Sukarjo menyatakan bahwa wisatawan terkadang merasa mereka hanya akan berfoto dan itu tidak berbahaya. Padahal, mereka tidak mengerti kontur tanah yang mereka pijak itu seperti apa.

“Kami paham dan maklum ketika ada yang ingin berfoto di spot-spot tertentu karena latarnya bagus, tapi kalau sampai terjadi apa-apa kan kami juga yang repot,” jelas Sukarjo.

Aktivitas pariwisata yang mendadak muncul ini meski terkadang mengganggu, memberikan inspirasi bagi pengelola tambang. Potensi yang ada pada Brown Canyon dapat dimanfaatkan untuk menyambung hidup masyarakat sekitar ke depannya. Sukarjo bersama rekan-rekannya telah memiliki perencanaan jangka panjang untuk membuka Brown Canyon sepenuhnya sebagai tempat wisata dalam jangka waktu 4 tahun ke depan. Hal ini dikarenakan material tambang diperkirakan akan habis dalam 5-6 tahun mendatang.

“Kami harus berpikir ke depan, kalau nanti sudah material sudah habis mau ke mana mereka yang selama ini bekerja di sini mencari nafkah?” kata Sukarjo.

Perencanaan ini sudah ditata secara matang, bahkan telah mengantongi izin dari dinas-dinas terkait. Rencana ini juga disambut baik oleh warga sekitar, mereka menyatakan mendukung rencana alih fungsi Brown Canyon menjadi tempat wisata sepenuhnya. Bahkan, beberapa memberikan ide untuk membuka warung makan di tempat wisata nantinya. Dari pihak pengelola tambang sendiri mulai lebih banyak memperhatikan lokasi penambangan untuk membentuk kontur tanah yang aman namun menarik bagi wisatawan nantinya.

“Dulu kami mengeruk dengan serampangan, tapi setelah dikaji ulang jadi berpikir juga. Kalau mengambil materialnya asal-asalan nanti setelah selesai tidak bisa dibuat apa-apa lagi,” kata Sukarjo.

Pengunjung Brown Canyon, Akbar (20), berpendapat bahwa ide untuk menjadikan Brown Canyon sebagai tempat wisata sepenuhnya merupakan hal yang bagus. Brown Canyon dianggap potensial karena memiliki keunikan tersendiri. Hanya saja, masih banyak yang perlu diperbaiki agar dapat menjadi tempat wisata yang mumpuni.

“Perbaikan akses jalan dan penambahan fasilitas sepertinya perlu menjadi fokus utama apabila ingin dijadikan destinasi wisata. Juga jaminan mengenai keselamatan pengunjung,” kata Akbar.

Brown Canyon saat aktivitas pertambangan telah usai (18/11/20)
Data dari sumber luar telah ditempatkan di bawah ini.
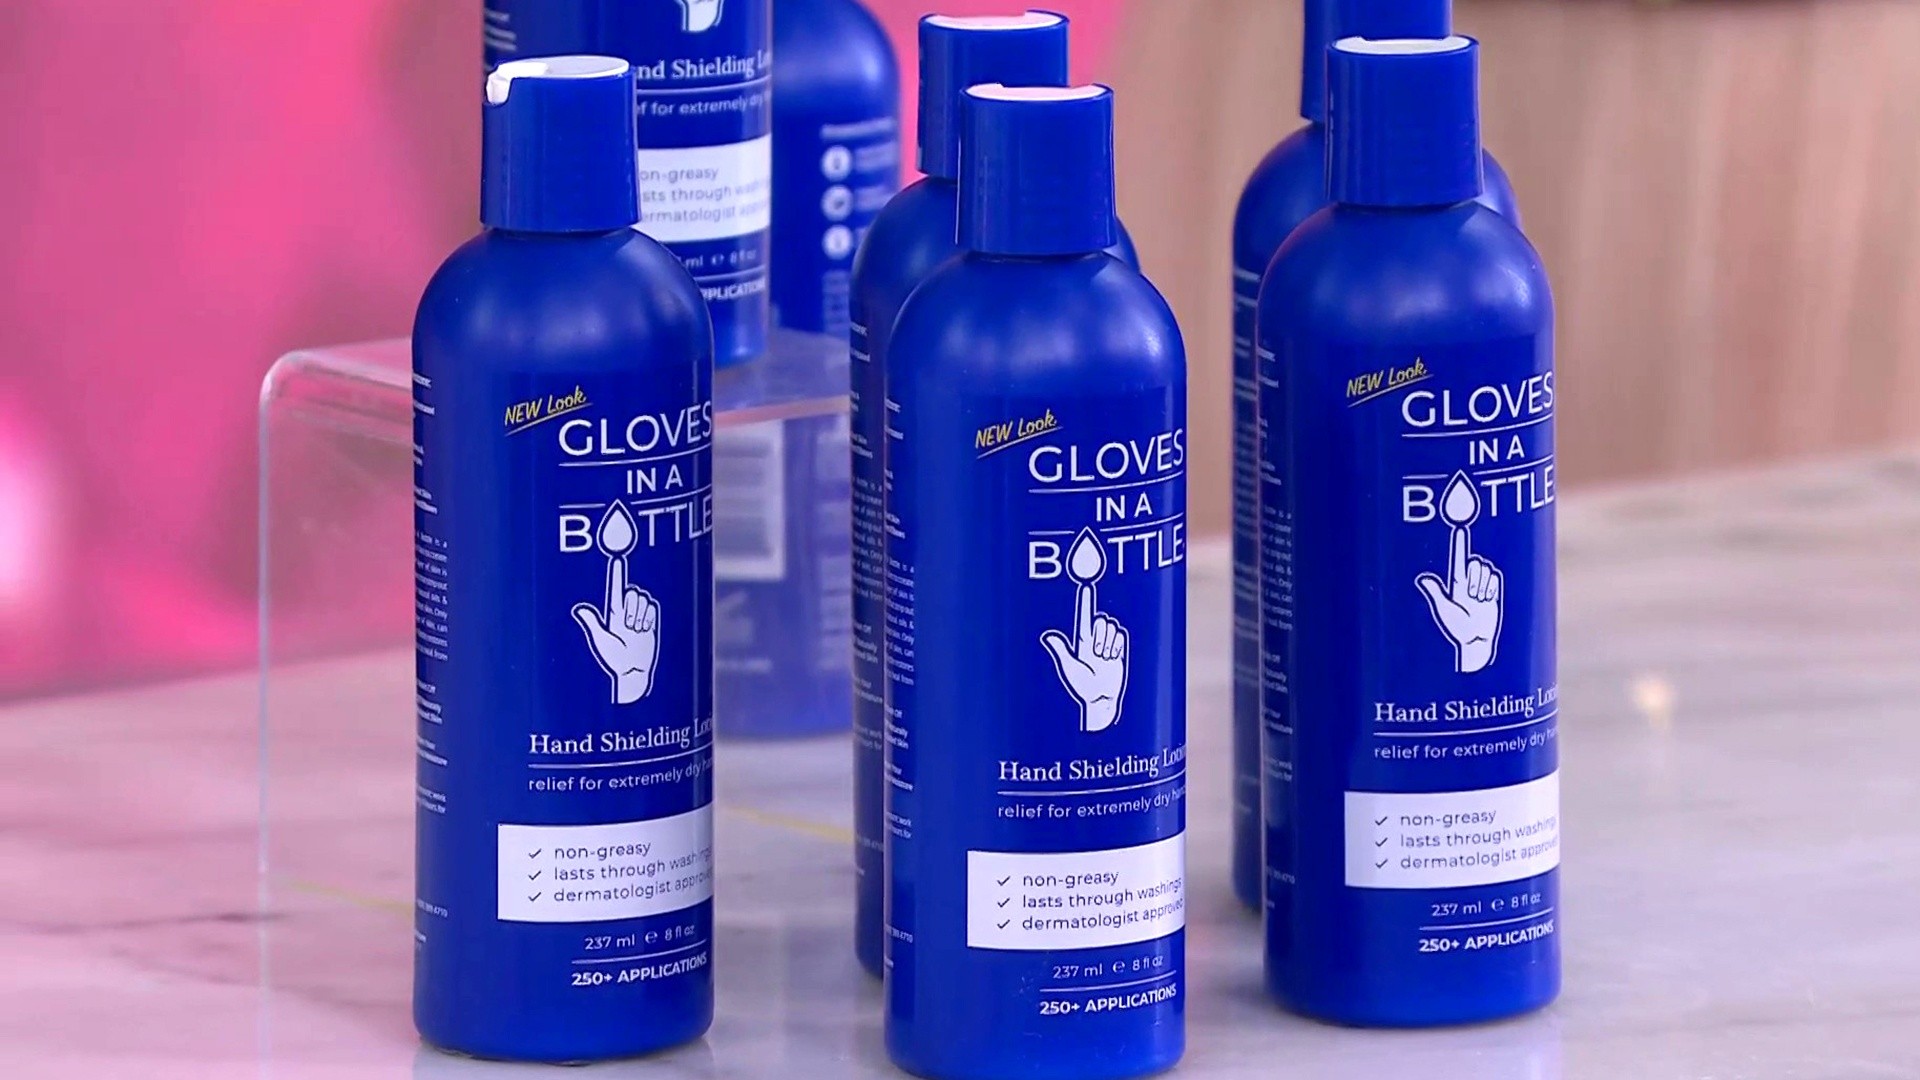 Gloves in a Bottle shielding lotion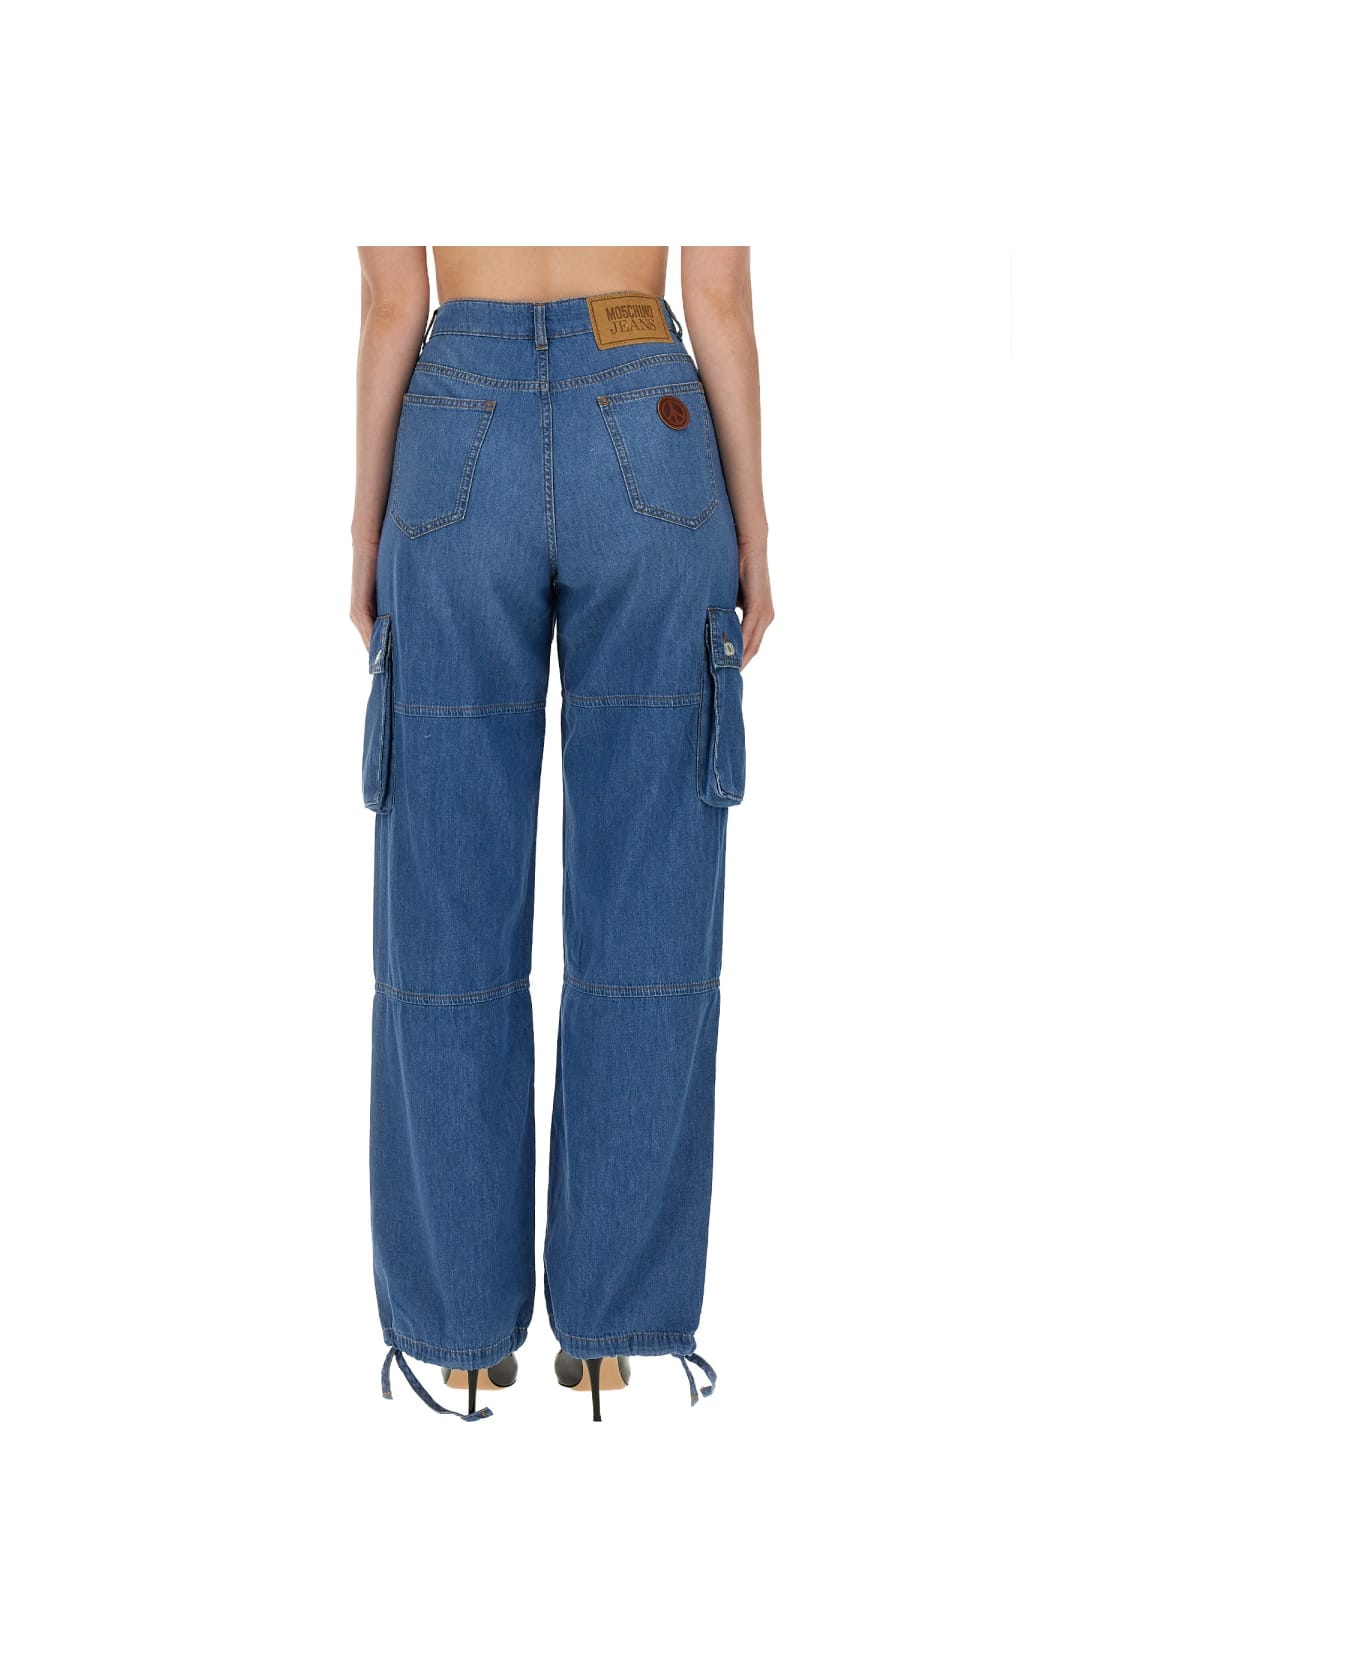 M05CH1N0 Jeans Cargo Pants - BLUE

Sembari menunggu Brown Canyon dibuka penuh sebagai tempat pariwisata, wisatawan yang ingin berkunjung dapat memerhatikan beberapa hal. Seperti untuk datang pada jam-jam aktivitas tambang telah usai yaitu pukul 4 sore pada hari Senin hingga Sabtu. Wisatawan juga dapat berkunjung di hari Minggu karena aktivitas tambang hanya berjalan setengah hari. Ketika berkunjung, wisatawan juga diharapkan awas terhadap imbauan-imbauan yang diberikan agar keselamatan tetap terjaga.

Catatan redaksi: Pada masa pandemi, banyak mahasiswa Dikom UGM yang menjadi jurnalis Warga Jogja tidak berada di Yogyakarta. Ini adalah salah satu liputan yang mengangkat cerita dari kota tempat mereka tinggal saat ini, daerah asal mereka.